Adding to the insult of a four-year parliamentary sit-in by our ‘elected representatives’ as they haggled over how best to avoid delivering on the Brexit referendum, has been the injury of watching those same ‘representatives’ squander untold billions of public money – first on bailing out big business and then on ‘covid procurement contracts’ for which there was, apparently, no stipulation to deliver any tangible product or result.
Never has there been so much scrutiny on the behaviour of governments by so many; and never has the servility of our ‘representative’ politicians to the super-rich (along with their determination to siphon as big a cut for themselves and their pals off the gravy train as possible) been so starkly on show.
To the problem of unemployment, the capitalists can only shrug and argue over whether or not to provide some support to those who are left without work, and how far above starvation level that subsidy should be fixed.
The discussions over some kind of ‘universal basic income’ are just one more admission that capitalism cannot find useful work for huge sections of the population. As automation proceeds (no new thing in the age of capital), more jobs are made redundant. What should lead to a lightening of the drudgery of many occupations and a freeing up of human labour for other types of work becomes just one more factor in ensuring that an ever-larger section of the workforce is considered to be ‘surplus to requirements’.
This squandering of human potential and wasting of human lives is the most shameful aspect of our capitalist society; the most pressing proof of the need for its replacement by a system that will allow all to work for the common good, to contribute to social life and to live in dignity.
In the face of the climate crisis, which demands immediate action, both unilateral and multilateral, the capitalists are likewise left shrugging and haggling over carbon quotas and plastic bag taxes while they do their best to pull the wool over our eyes with green-washing campaigns for big oil and state subsidies for monopoly corporations that promise to bring us ‘green’ versions of all the same old products. Rearranging the deckchairs on the deck of the Titanic was nothing as compared to the total inability of a profit-motivated system to take swift and decisive action, even in the interests of saving itself from ultimate annihilation!
At every turn, what maximises profit for an individual business today triumphs over what will benefit society in the long term. And it cannot be any other way, especially at a time of financial crisis, when even the biggest of monopolies is fighting for survival and defending to the death every fraction of a percentage point of its profit margin.

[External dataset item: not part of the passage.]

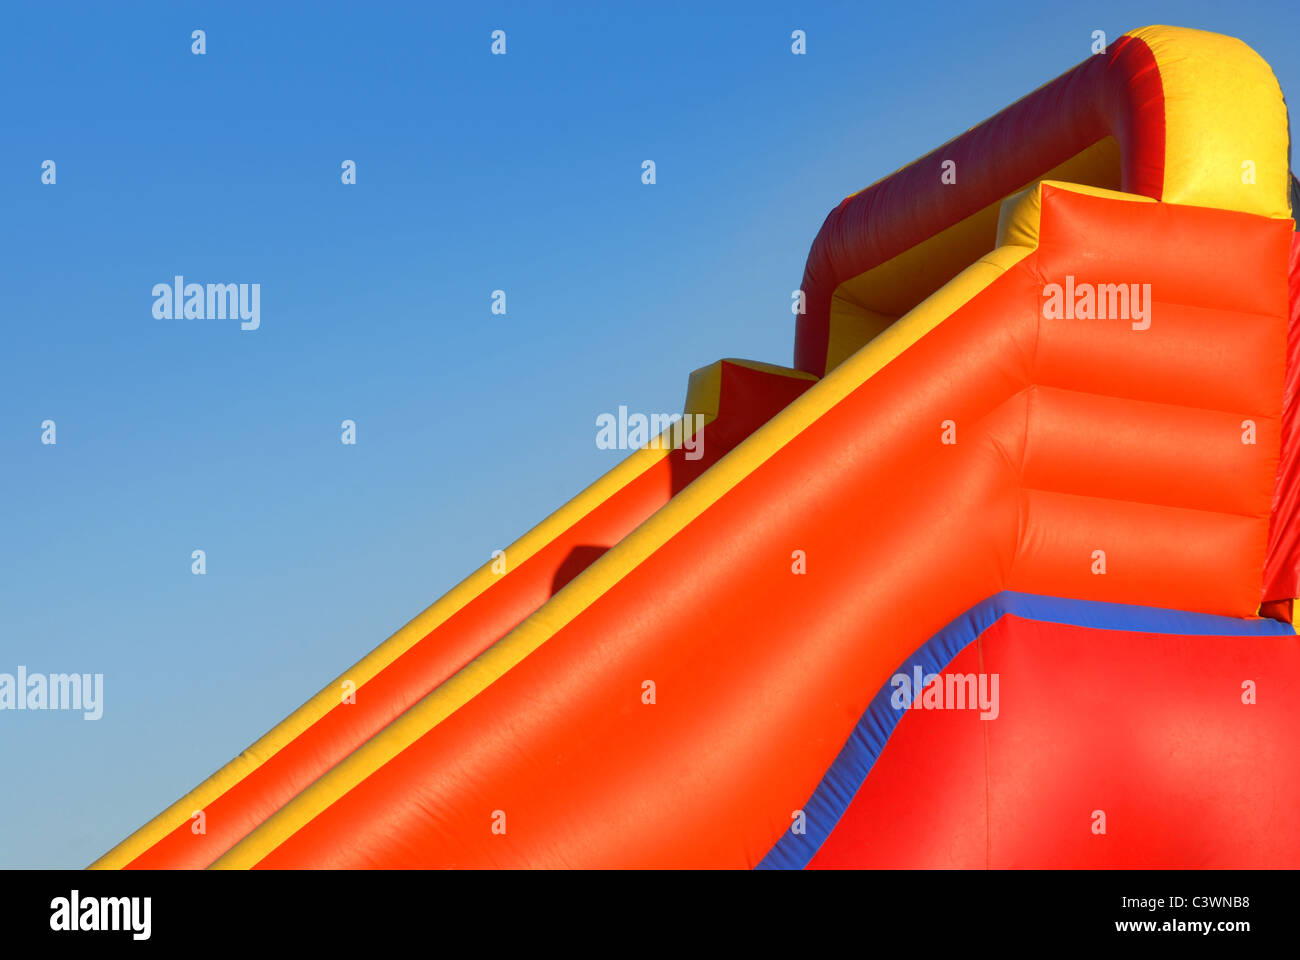 Visualizzare gonfiabili colorati blow-up giocattolo sul cielo blu sullo sfondo Foto Stock

It is time the armies of would-be reformers of the system woke up to the hard truth: the logic of capitalism is entirely impervious to the logic of humanity – and never the twain shall meet. The ratcheting up of warning calls from canaries in the coalmine (like all those FT and Times commentators worrying about the social threat posed by growing inequality and insufficient benefits) will not ‘persuade’ the capitalists into acting other than as the embodiment of capital.
This has nothing to do with their individual personalities (although being a sociopath has definite advantages in the context of the capitalist-imperialist world order). A cataclysm approaches: they see it and yet the logic of the system means that they are powerless to act.
As the crisis deepens, the competition over profits increases to fever pitch. In the end, the only option left to our rulers is to drive us into the conflagration of another calamitous war. Not because they are particularly bloodthirsty individuals but because the need to maximise profits and win the battle of competition dictates that they need to control access to markets, control sources of raw materials and stamp out any resistance to their domination.
And therefore the choice left to us boils down to this: to change the system now, before such a war can be launched, or to wait until the war has forced us to wake up to the urgency of removing the system.
Dystopia is here right now, but it doesn’t have to be our future. The choice is ours.